_Working data_.
============================================================
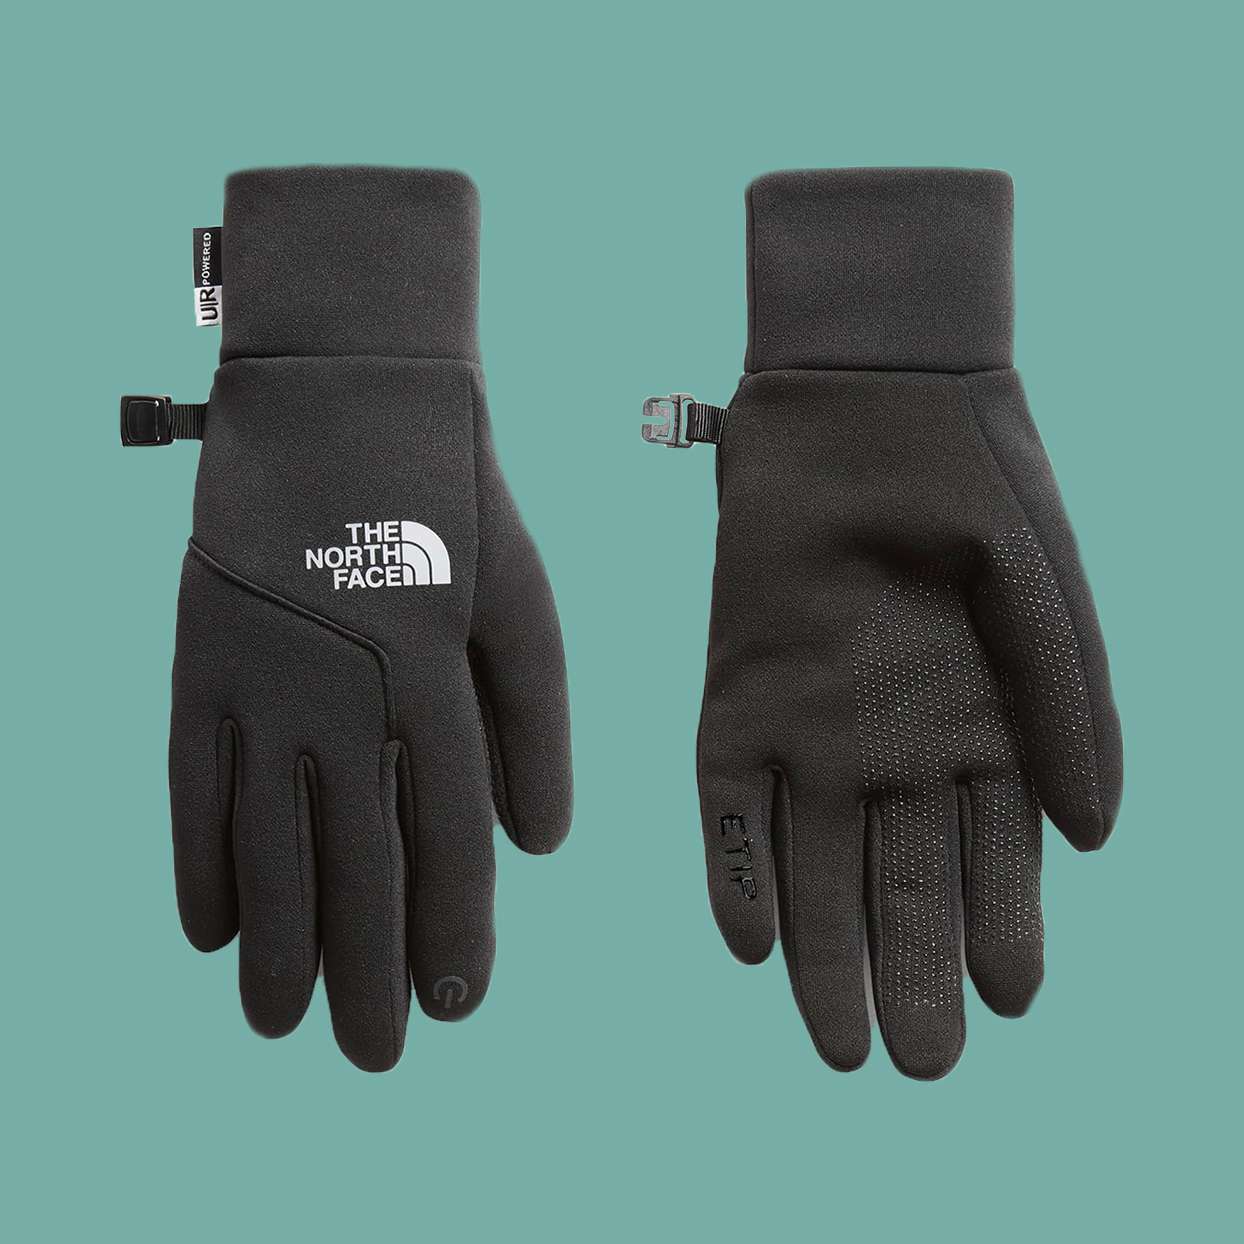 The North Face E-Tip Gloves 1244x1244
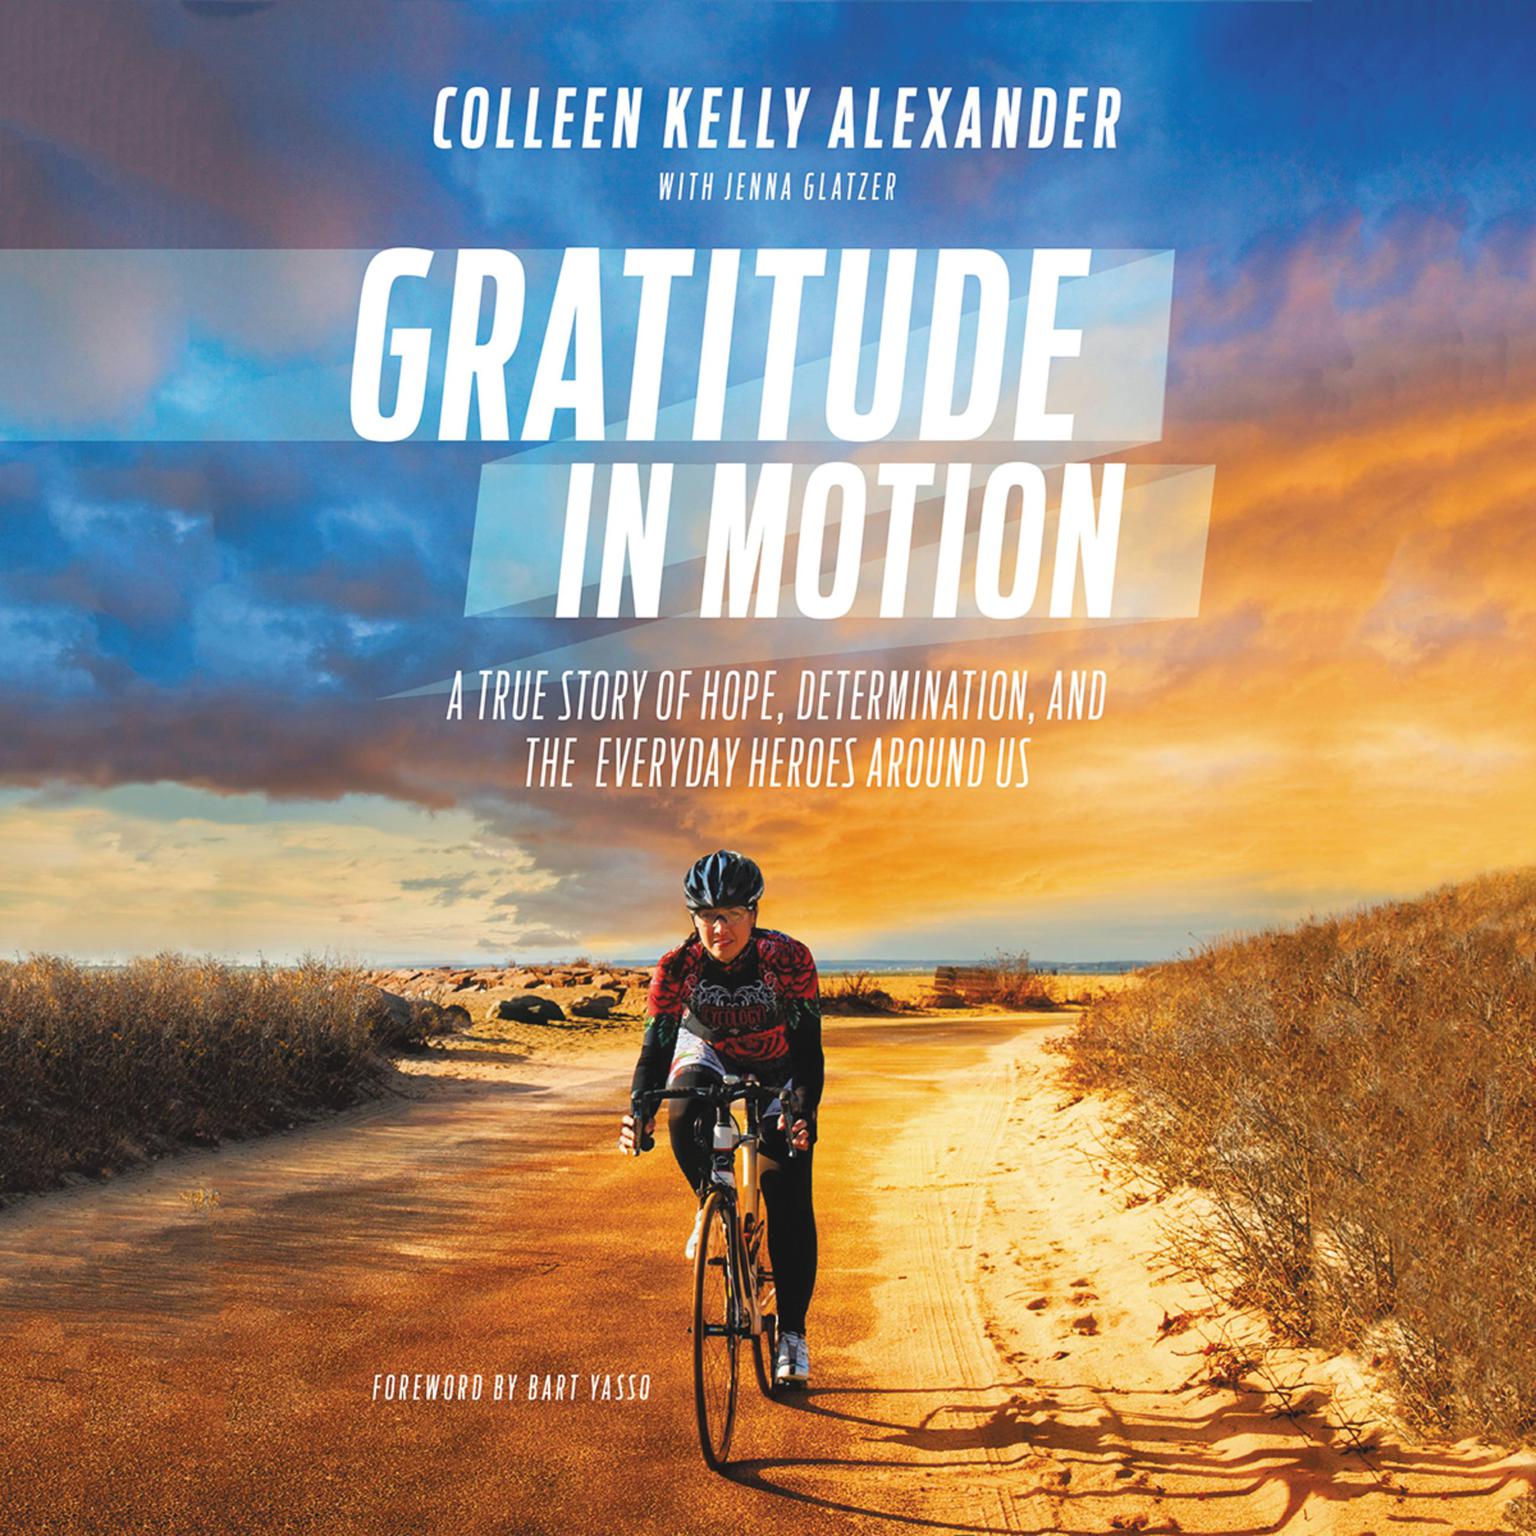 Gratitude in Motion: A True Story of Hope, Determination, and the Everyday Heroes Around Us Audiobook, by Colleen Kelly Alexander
============================================================
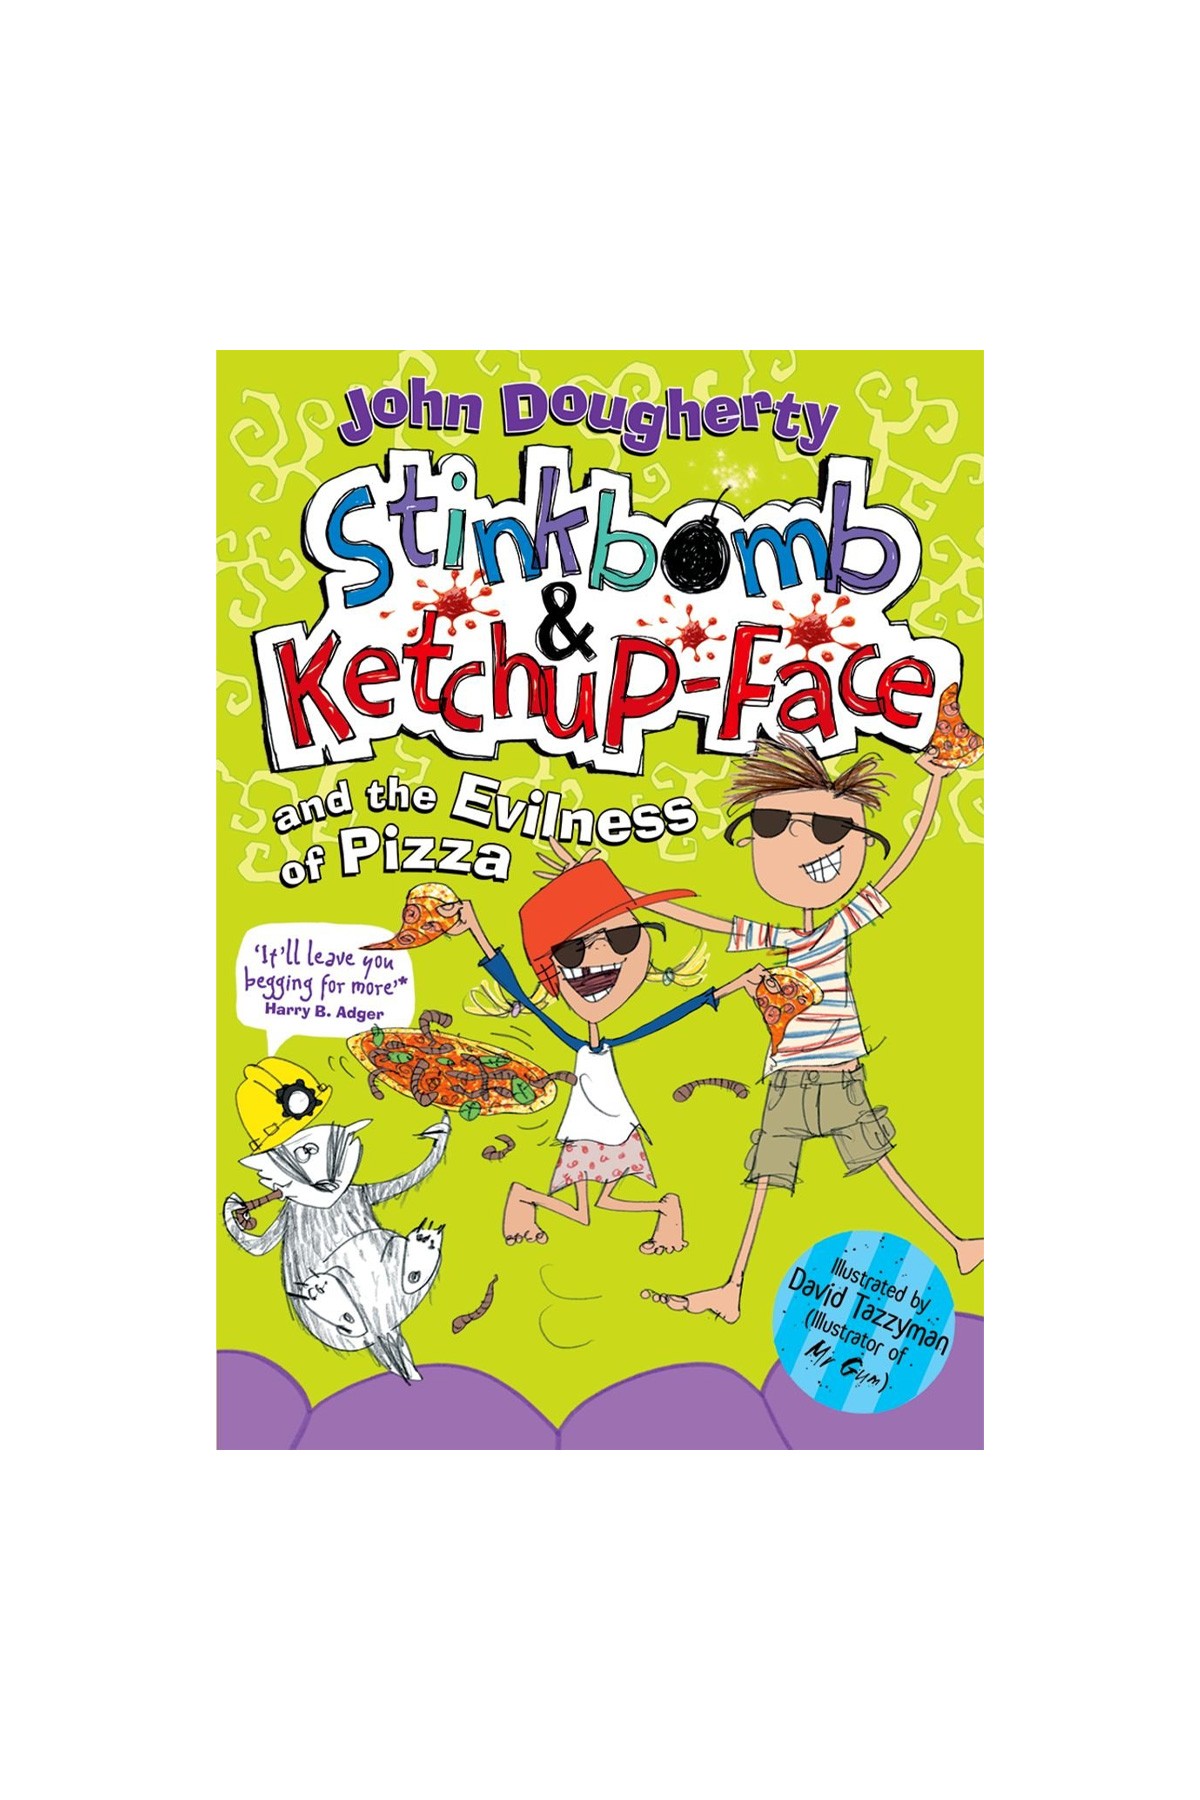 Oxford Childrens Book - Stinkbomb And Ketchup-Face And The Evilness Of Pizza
============================================================
With the pictures omitted, copy exactly the lines of the listing above starting at the line containing "The North Face E-Tip Gloves 1244x1244" and ending at the line containing "Gratitude in Motion: A", both included.

 The North Face E-Tip Gloves 1244x1244
 Gratitude in Motion: A True Story of Hope, Determination, and the Everyday Heroes Around Us Audiobook, by Colleen Kelly Alexander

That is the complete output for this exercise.